[det]unicode_map(+In,
-Out, +Options)Perform a Unicode mapping on In, returning Out. Options
is a list that may contain any combination of the flags below; a call is
roughly equivalent to utf8proc_map(In, Options) in the C
API.
- stable
- Respect Unicode versioning stability --- the result does not depend on
which (recent) version of Unicode is in use.
- compat
- Use compatibility decomposition (i.e. formatting information is lost).
- compose
- Produce a composed result (e.g.
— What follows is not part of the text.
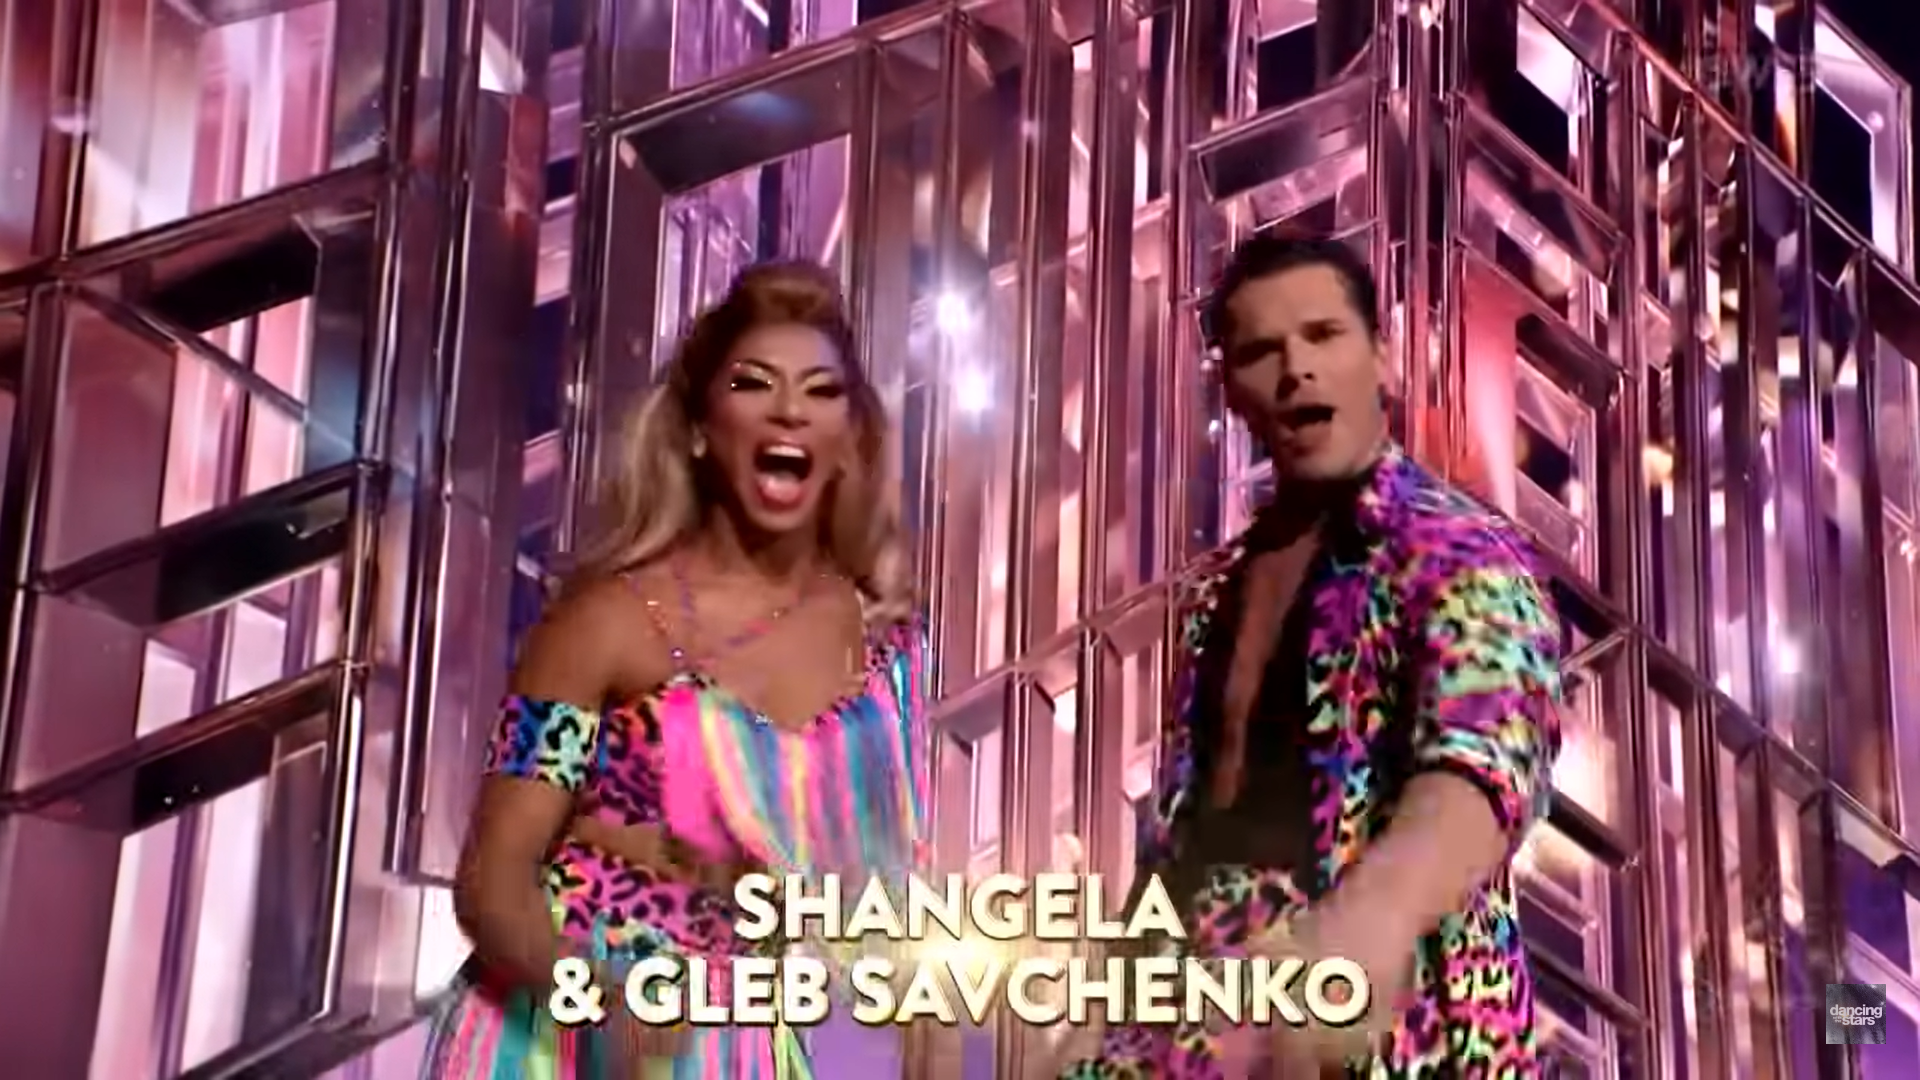 Drag performer Shangela makes 'Dancing With the Stars' history

NFC or NFKC, depending on the presence
of
compat).
- decompose
- Produce a decomposed result (NFD/NFKD).
- ignore
- Strip "default ignorable" characters (e.g. soft hyphen, zero-width
space).
- rejectna
- Raise an error instead of returning output when the input contains
unassigned code points.
- nlf2ls
- Convert all NLF-sequences (LF, CRLF, CR, NEL) to U+2028 LINE SEPARATOR.
- nlf2ps
- Convert all NLF-sequences to U+2029 PARAGRAPH SEPARATOR.
- nlf2lf
- Convert all NLF-sequences to U+000A LINE FEED.
- stripcc
- Strip or convert control characters. NLF-sequences become a space,
except if one of the NLF-conversion flags is set; HT and FF are treated
as NLF in this case. All other control characters are removed.
- casefold
- Apply Unicode case folding (for caseless comparison).
- charbound
- Insert a U+00FF byte at the beginning of every grapheme cluster (UAX#29).
The result can be split on 0xFF to recover individual graphemes; atom_graphemes/2
wraps this pattern.
- lump
- Normalise typographic variants to their ASCII equivalents (see module
header for the full list). Combined with
nlf2lf, paragraph and line separators become U+000A as
well.
- stripmark
- Strip all combining marks (non-spacing, spacing, enclosing). Must be
combined with
compose or decompose.